# Removal of hedges, planning needed?



## bond-007 (7 Jun 2008)

Do you need planning permission to remove a hedge that is a boundary between 2 sites? 

Thanks
007


----------



## eileen alana (7 Jun 2008)

Are you planning on putting something else in its place?? We removed a boundary ditch and put hedging there instead.


----------



## extopia (7 Jun 2008)

This article might be of interest.


----------



## rob30 (7 Jun 2008)

there is also this interesting letter from Mary White TD in todays irish times.

I include just an extract

Recent weeks have seen a spate of illegal hedge-cutting, burning and grubbing out, which are offences under Section 40 of the 1976 Wildlife Act, as amended by Section 46 of the Wildlife Amendment Act 2000.
Under this Act, it is forbidden to cut or remove hedgerows or destroy other vegetation during the bird-nesting season from March 1st to August 31st each year.
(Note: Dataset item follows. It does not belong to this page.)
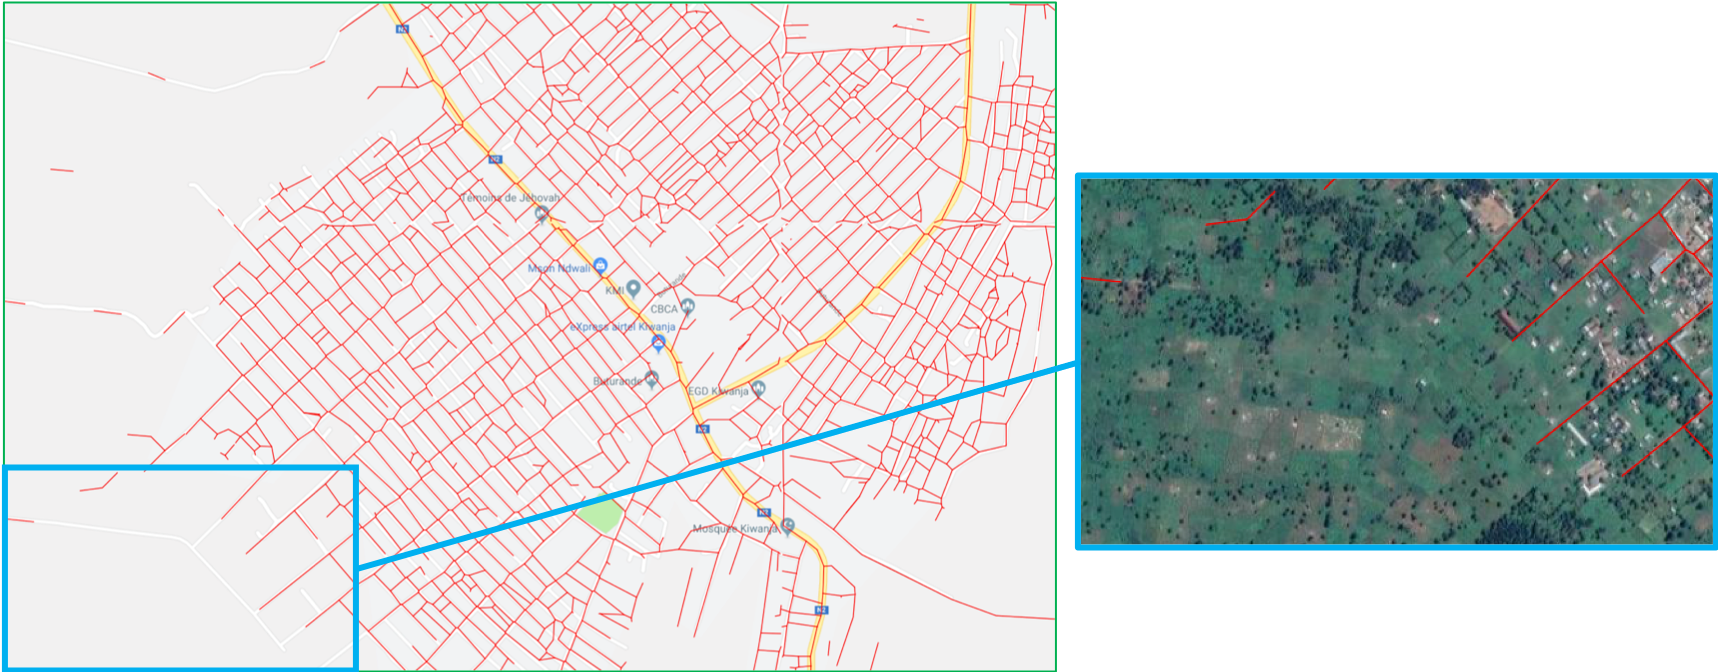 Orbital Insight road lines match OSM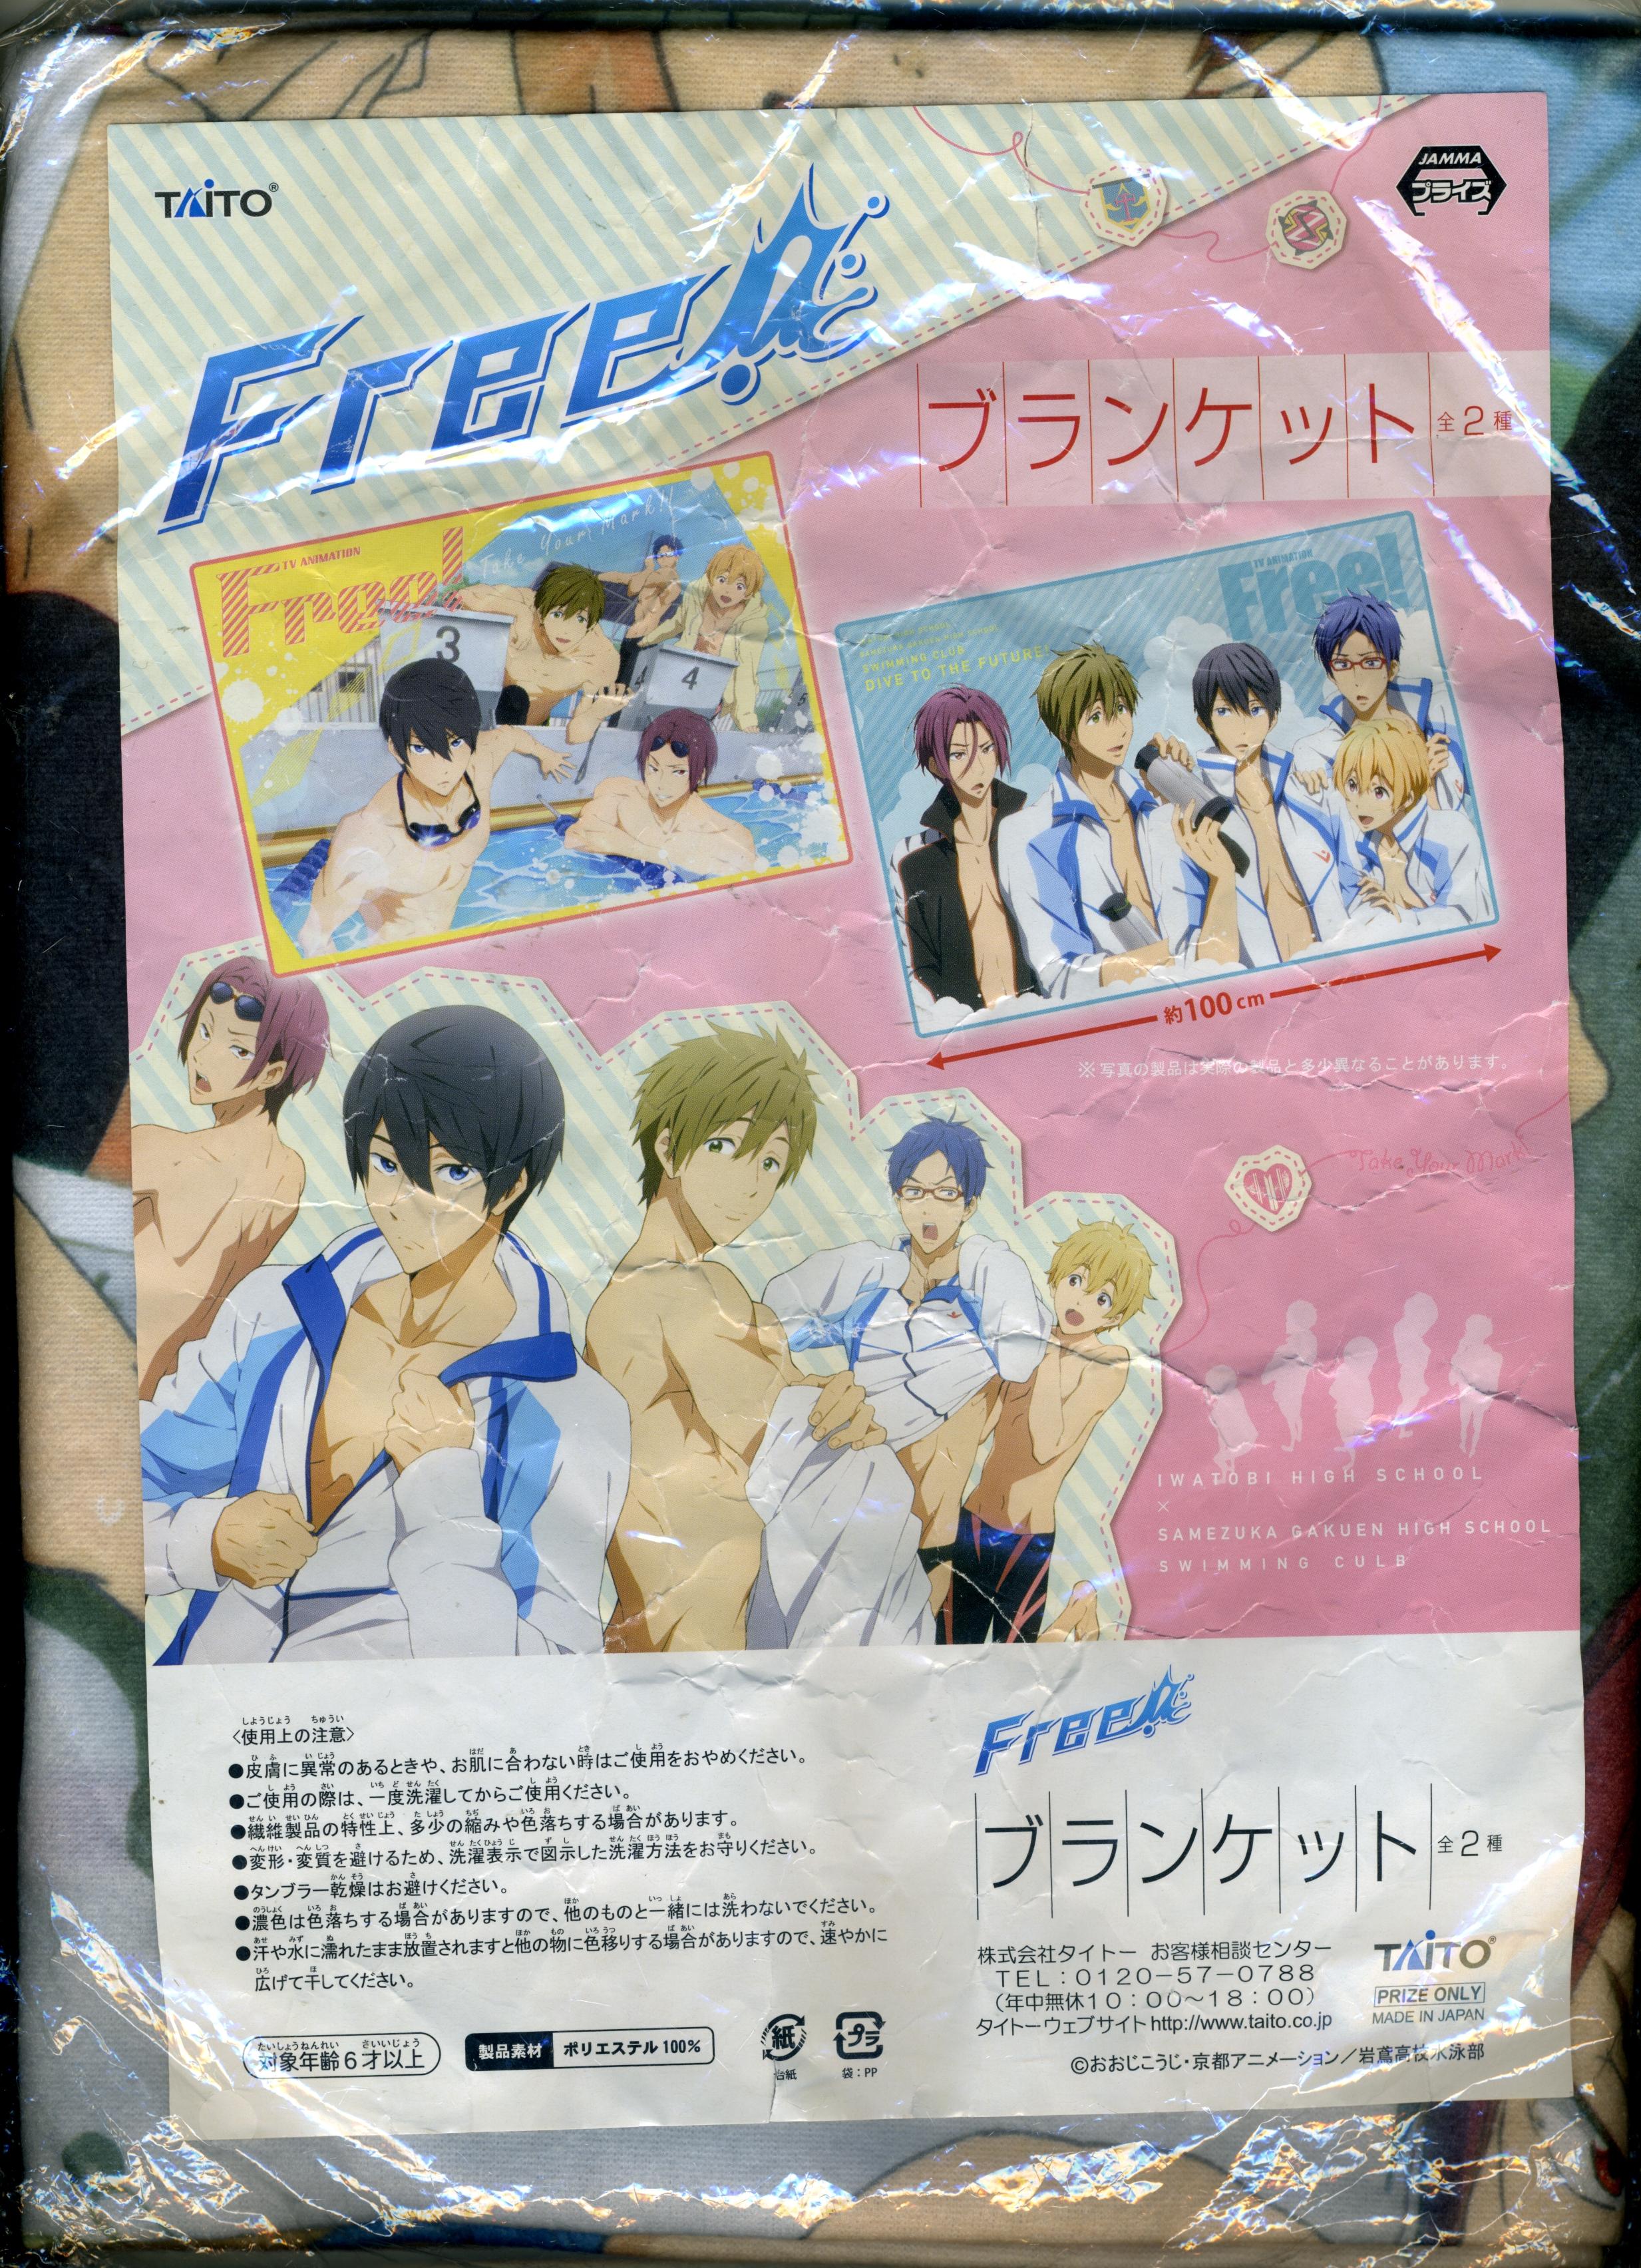 Taito, Free! Iwatobi High School Swim Club Blanket Prize Haruka, Makoto, Nagisa, Rei, Rin

Hedgerows provide food and shelter for a rage of wildlife, including birds, insects and wild flowers and they are a vital part of our native countryside.

*MARY WHITE TD, Deputy Leader, Green Party, Leinster House, Dublin 2.*


----------



## bond-007 (8 Jun 2008)

It is a neighbour who has removed hedges. Thanks for the advice.

Is it possible to complain to the council about a breach of planning conditions and conceal your identity from the offender?


----------